> _TASK DETAILS_
Repeat the lines of the data exactly and exclude any picture among them.

> _DATA BLOCK_
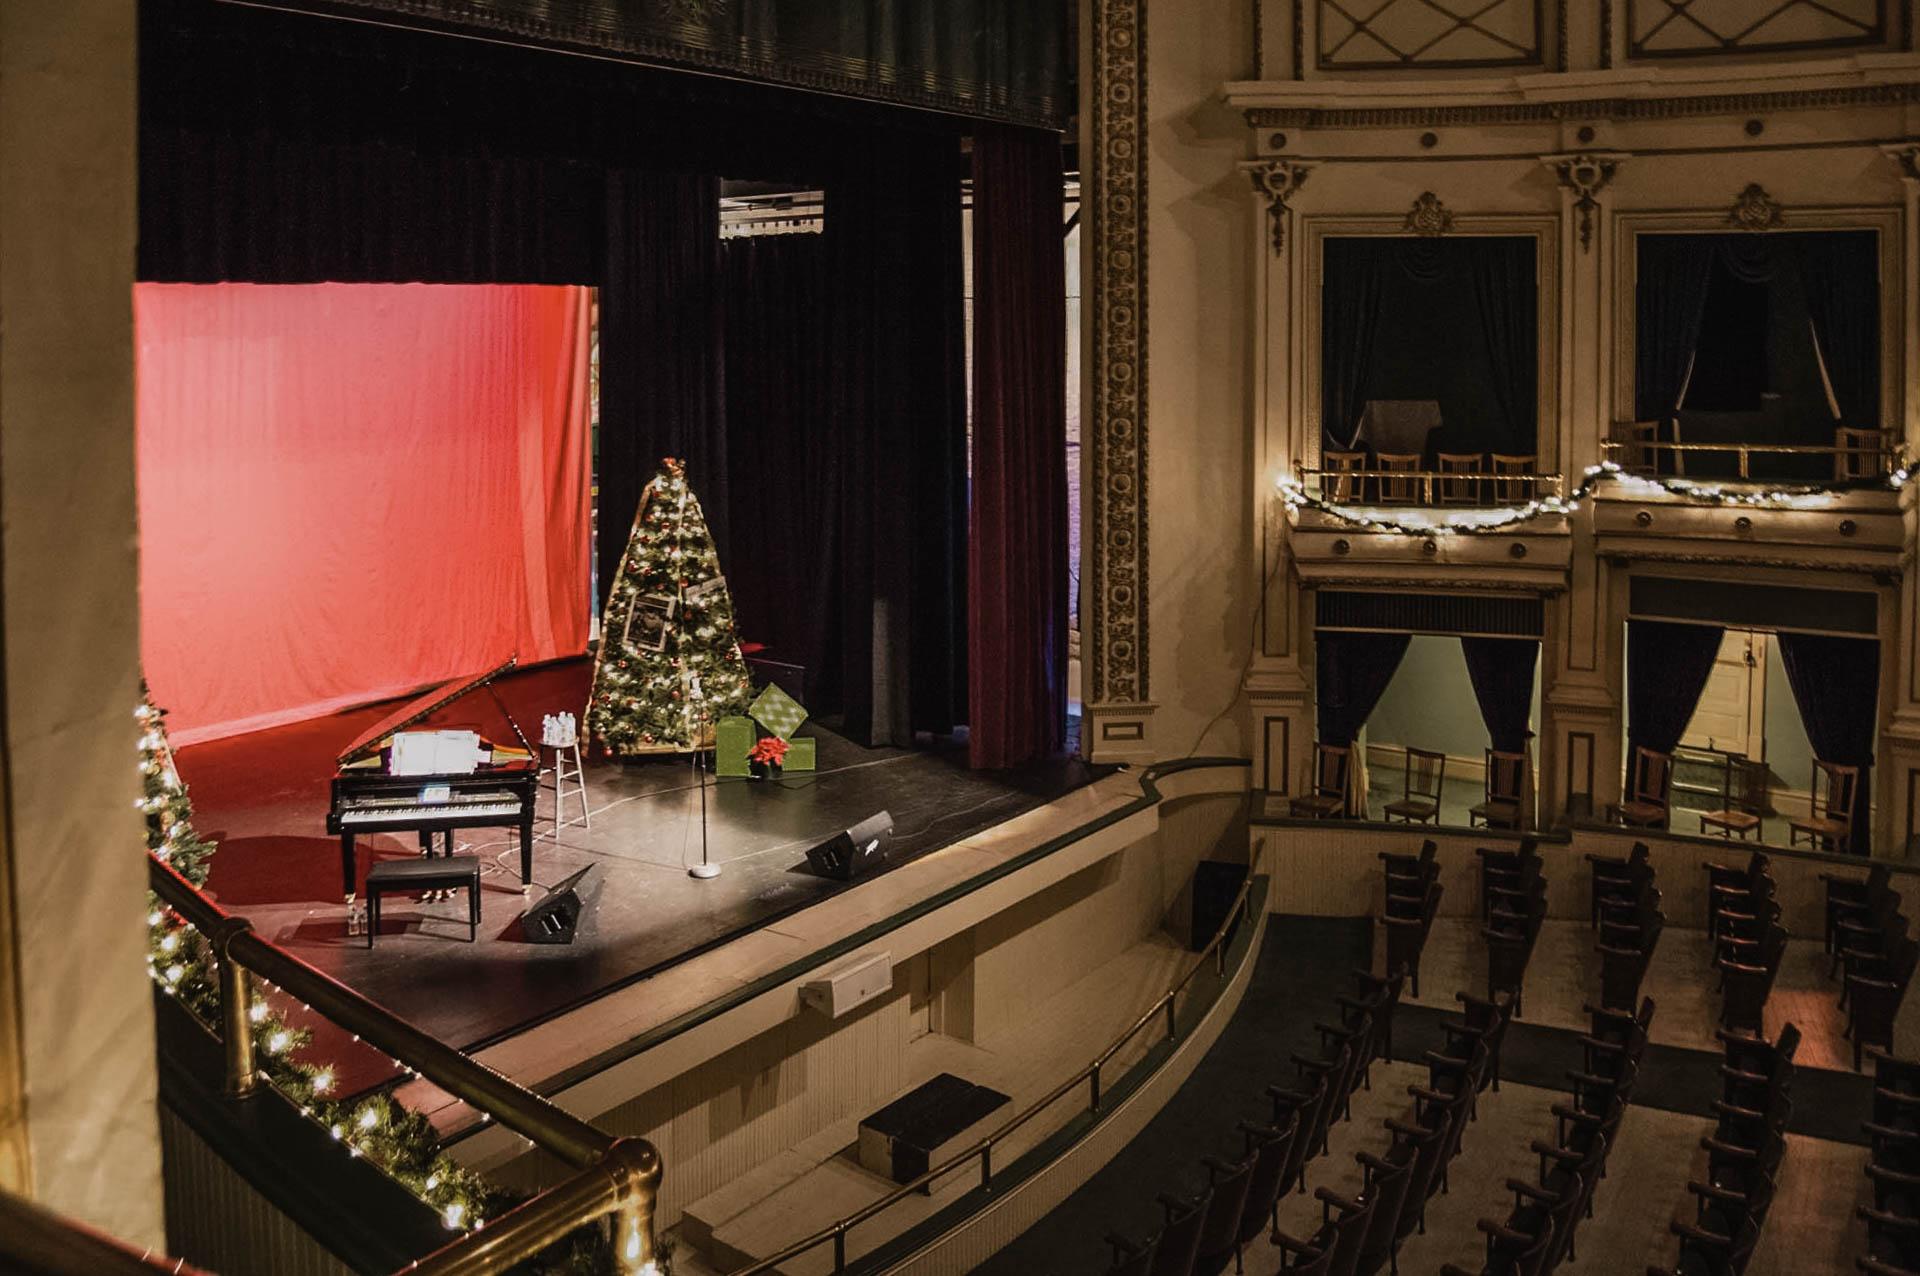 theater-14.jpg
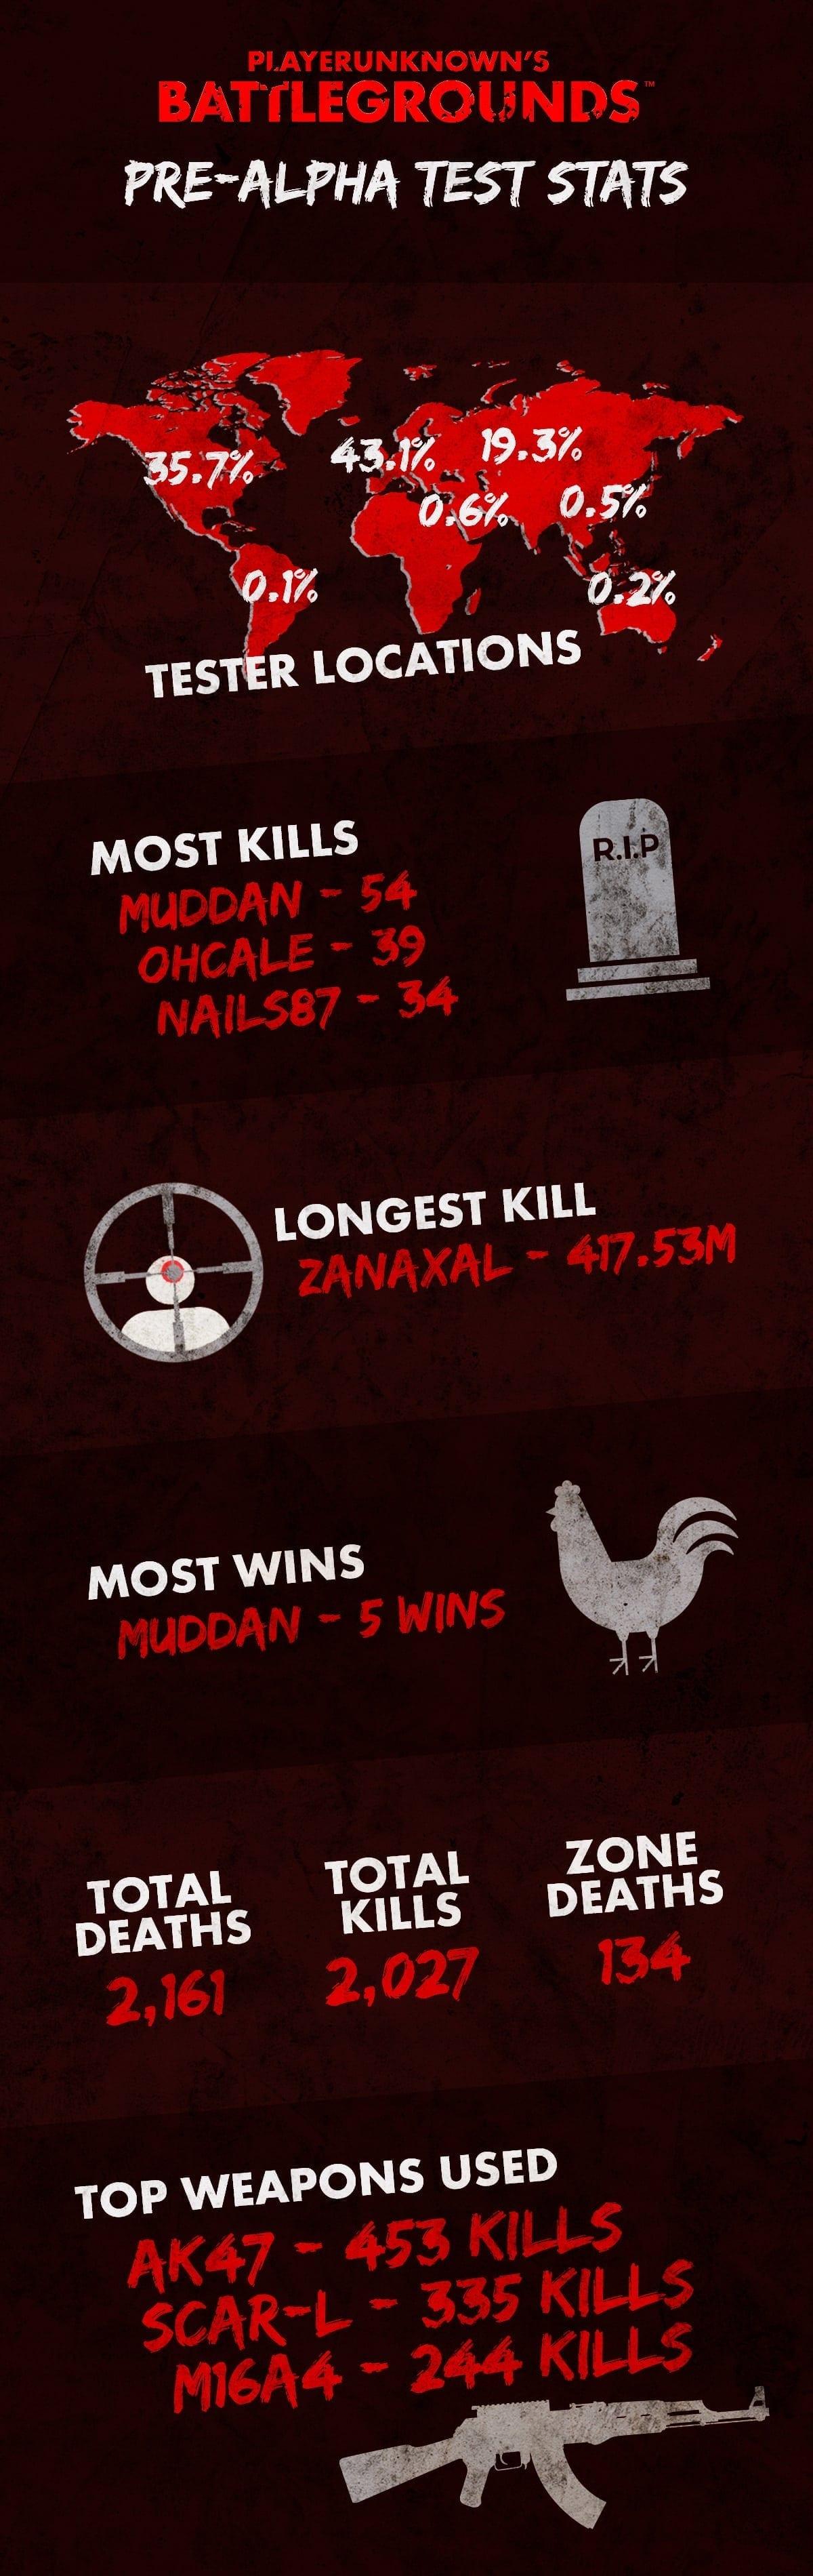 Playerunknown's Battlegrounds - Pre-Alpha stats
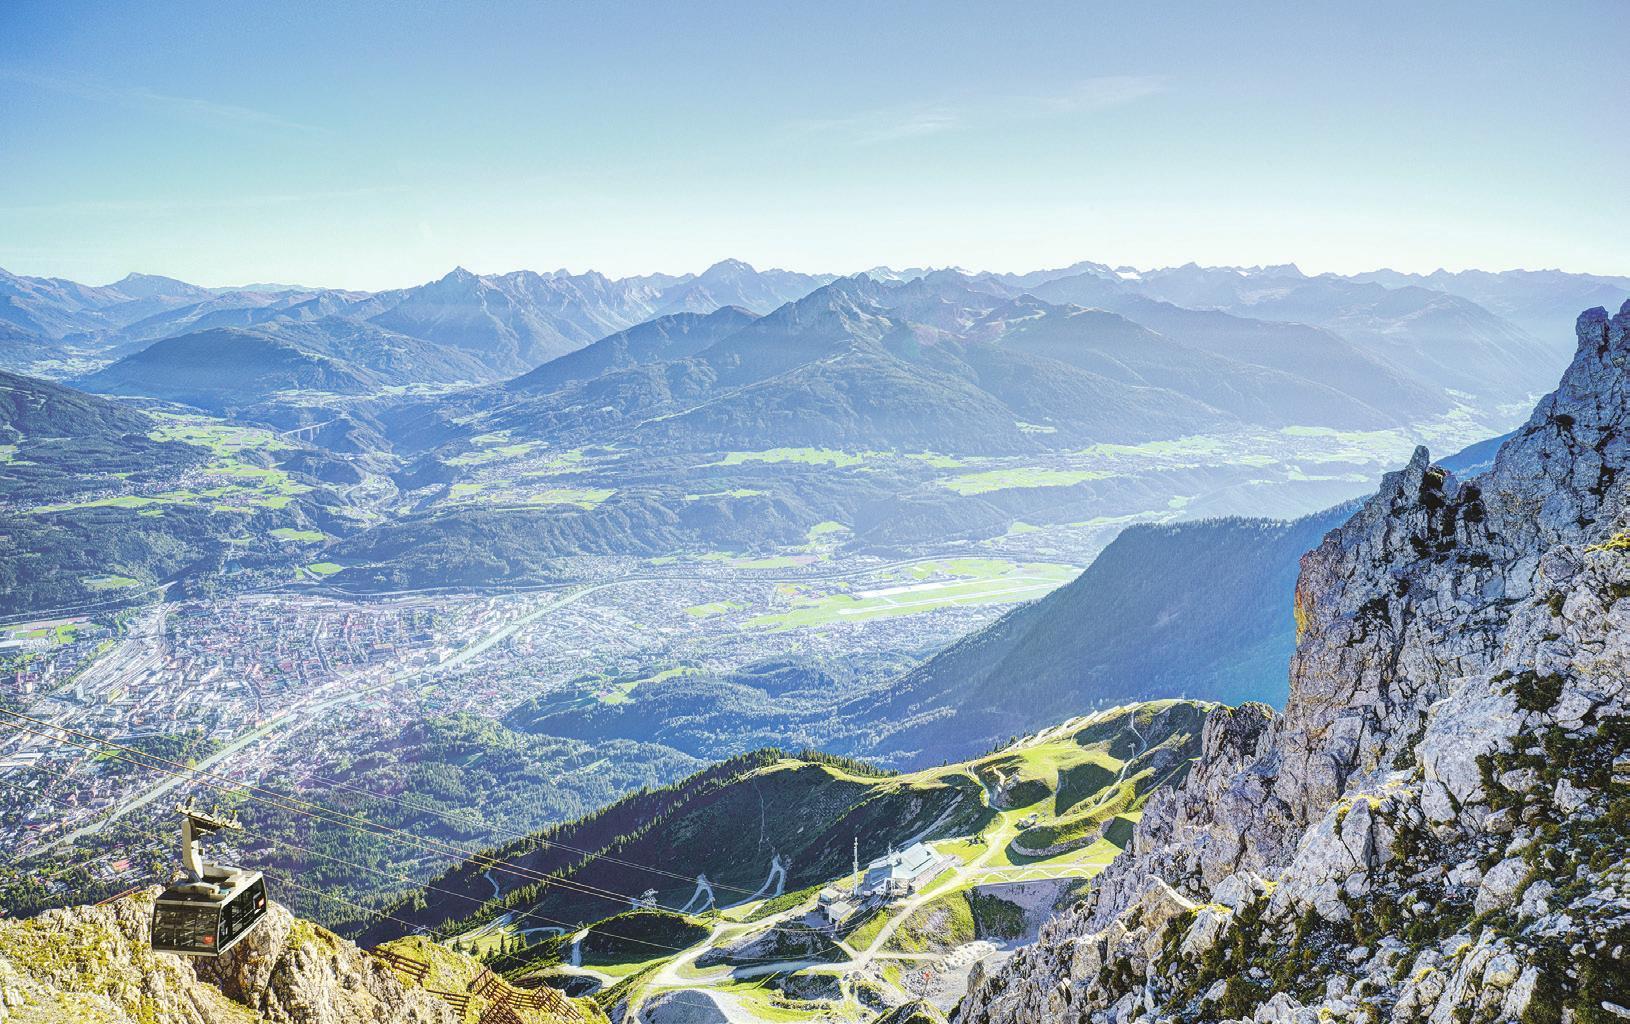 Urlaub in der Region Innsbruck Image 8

> _SOLUTION TO THIS EXERCISE_
 theater-14.jpg
 Playerunknown's Battlegrounds - Pre-Alpha stats
 Urlaub in der Region Innsbruck Image 8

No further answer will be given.